▶ **Task item**:
In the entries below, find the line with "Brixton Metals Corporation" and the line with "小吃零食铝箔包装袋设计图素材库精选 Snack Foil"; reproduce those two lines and all lines between them exactly, without pictures.

▶ **Dataset extract**:
== == ==

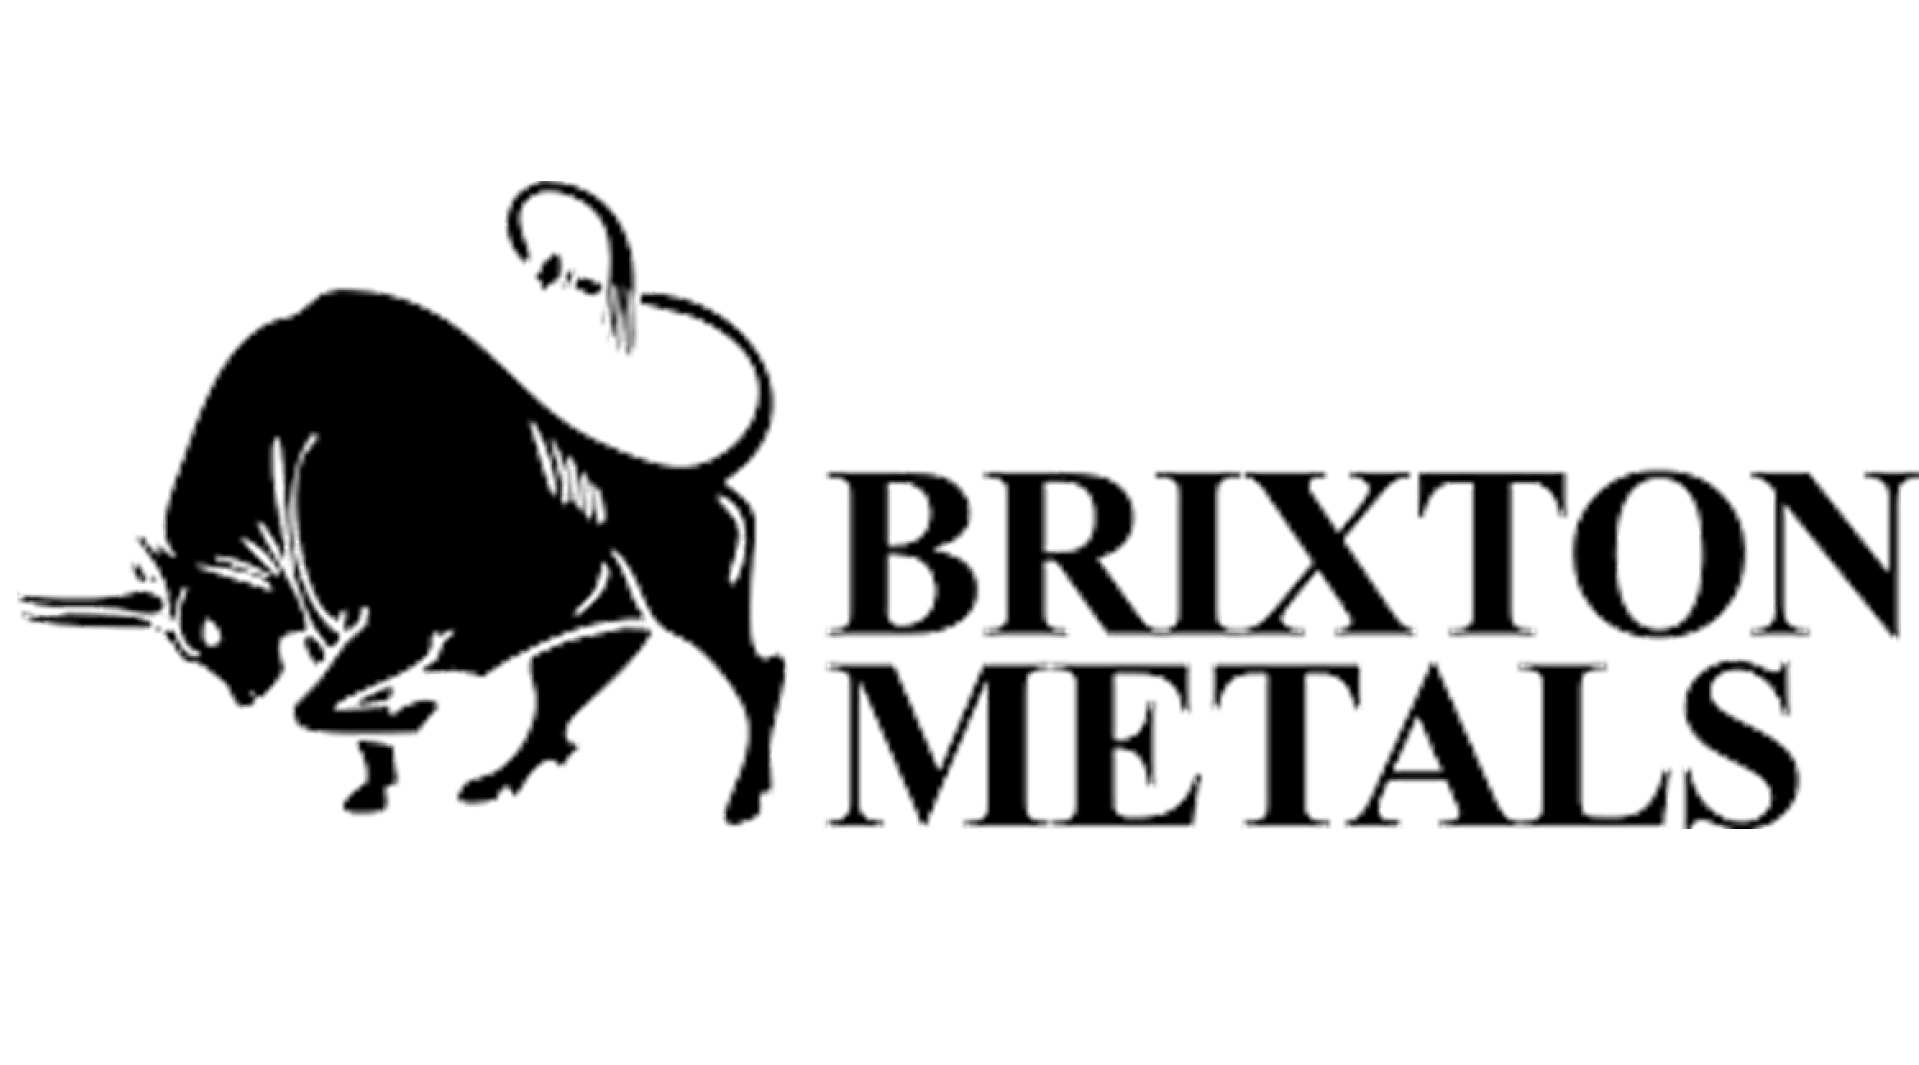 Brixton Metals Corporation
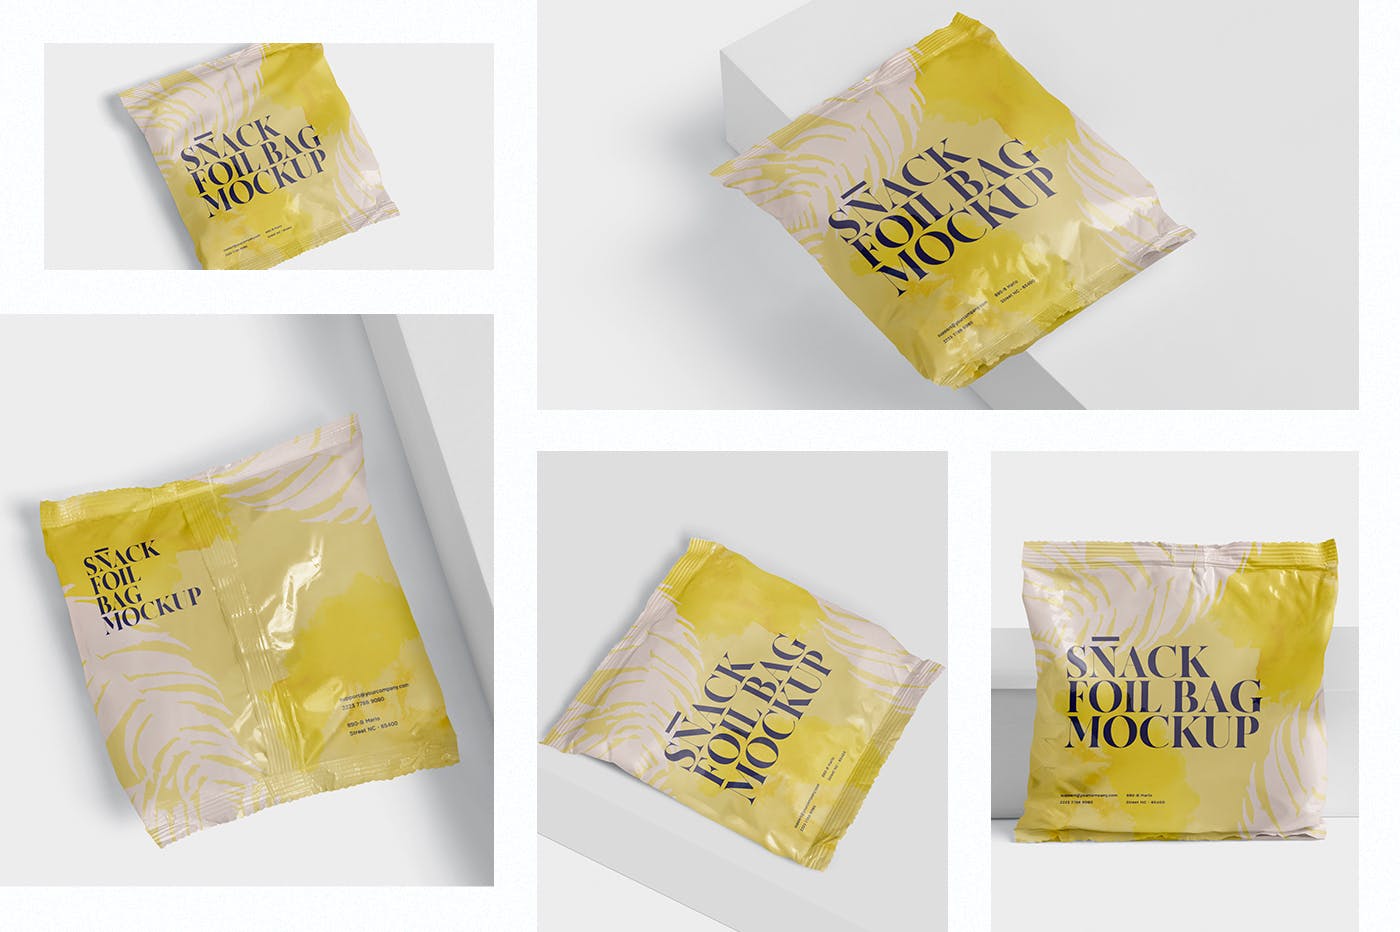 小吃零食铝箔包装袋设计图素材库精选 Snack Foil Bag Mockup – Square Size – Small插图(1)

== == ==

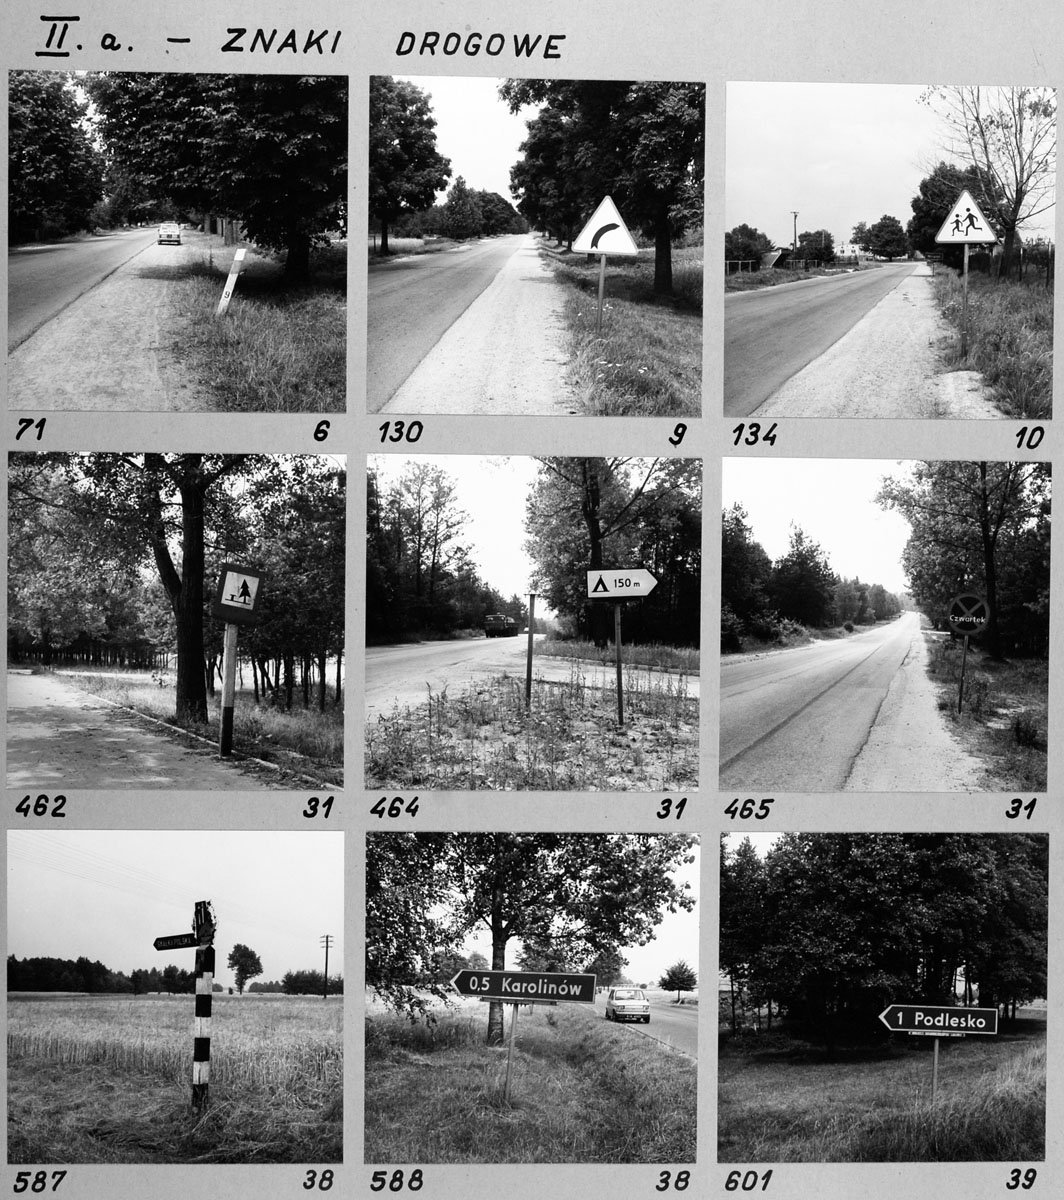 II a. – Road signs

== == ==

▶ **Response area**:
 Brixton Metals Corporation
 小吃零食铝箔包装袋设计图素材库精选 Snack Foil Bag Mockup – Square Size – Small插图(1)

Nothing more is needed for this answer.